* YOUR GOAL
Skip every picture, and copy exactly the lines from the one containing "StyleLine Avaliyah 7-Piece" to the end of the data.

* PROVIDED DATA
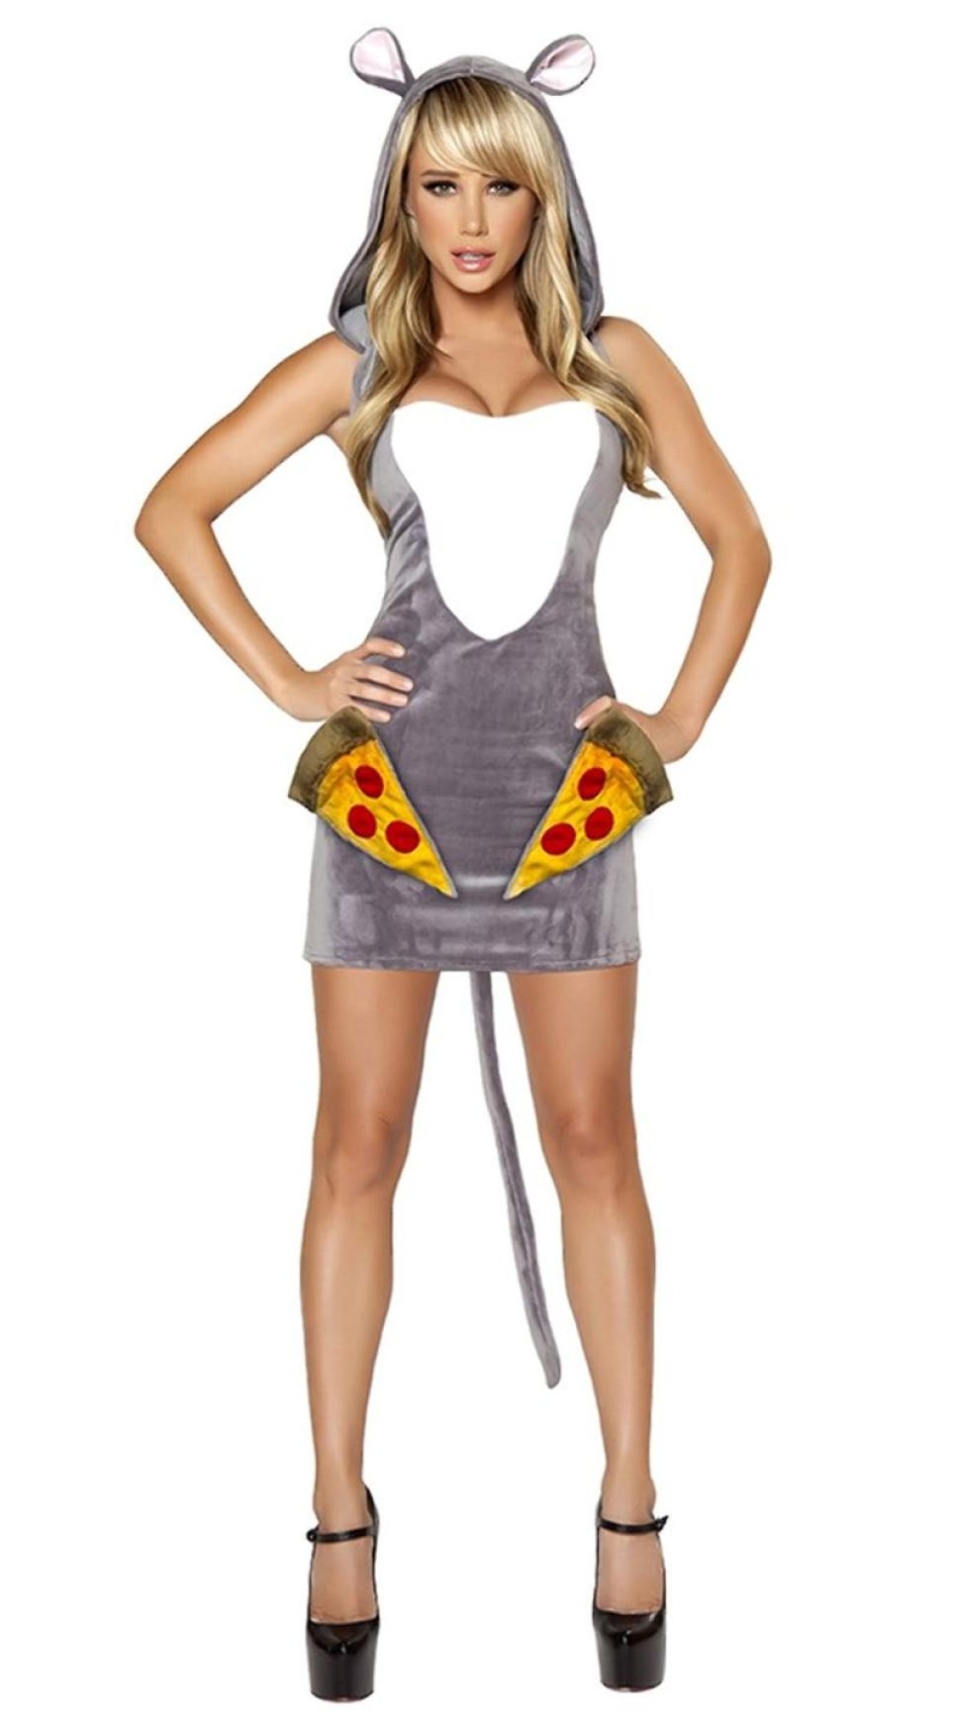 New York’s pizza rat in sexy costume form. 
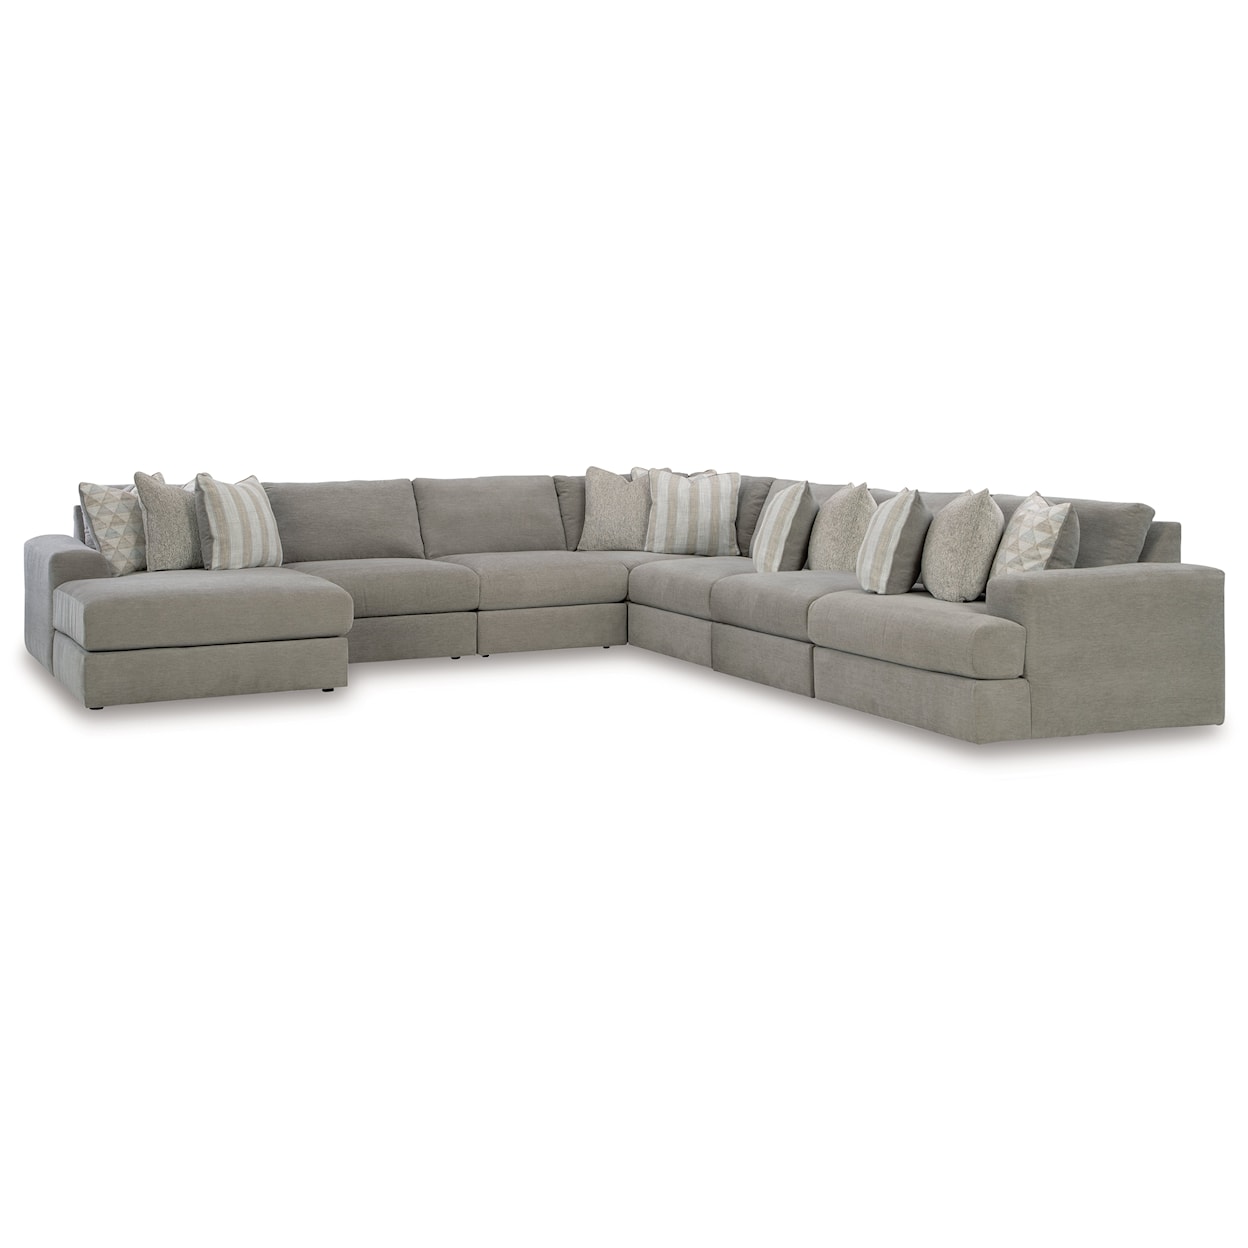 StyleLine Avaliyah 7-Piece Sectional with Chaise
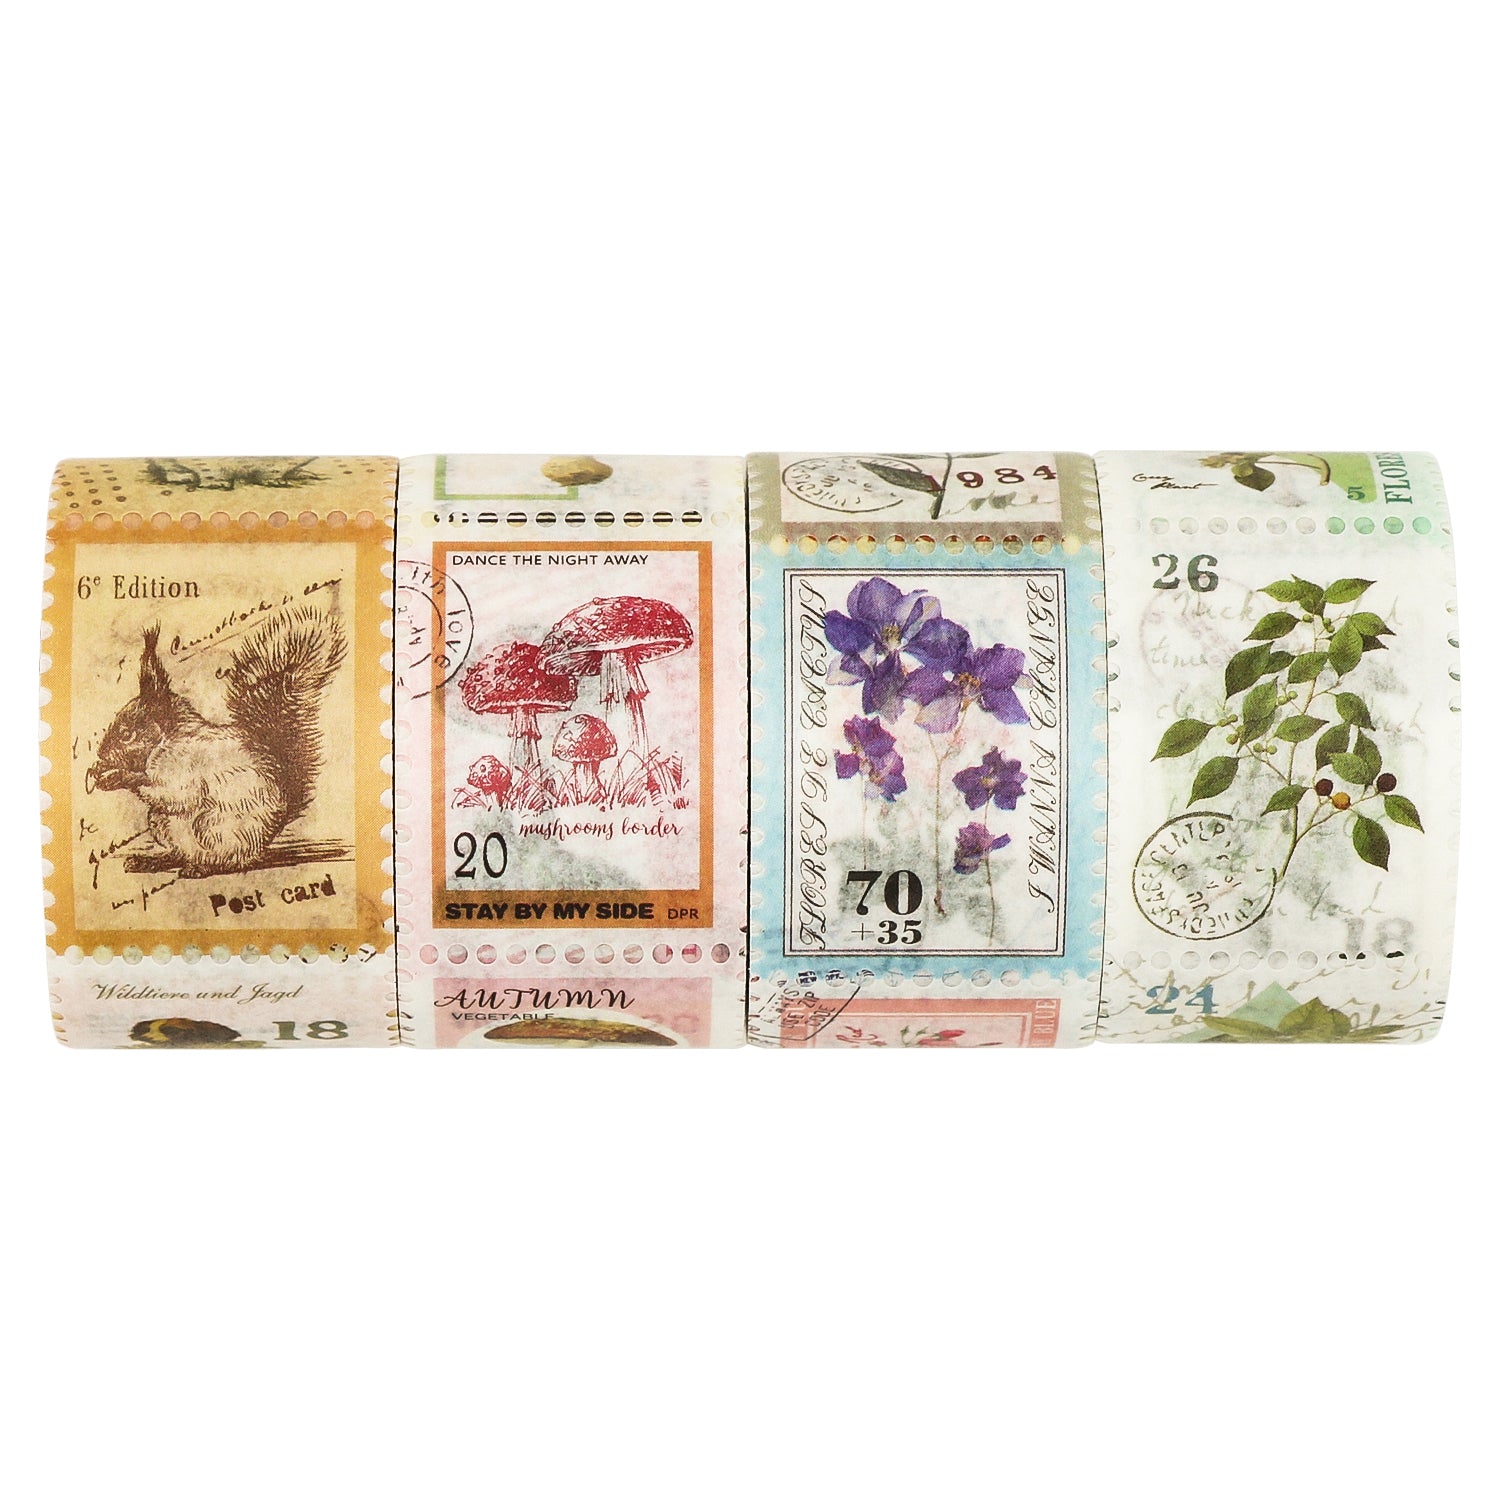 Postage Stamp Stickers

* COMPLETED TASK
 StyleLine Avaliyah 7-Piece Sectional with Chaise
 Postage Stamp Stickers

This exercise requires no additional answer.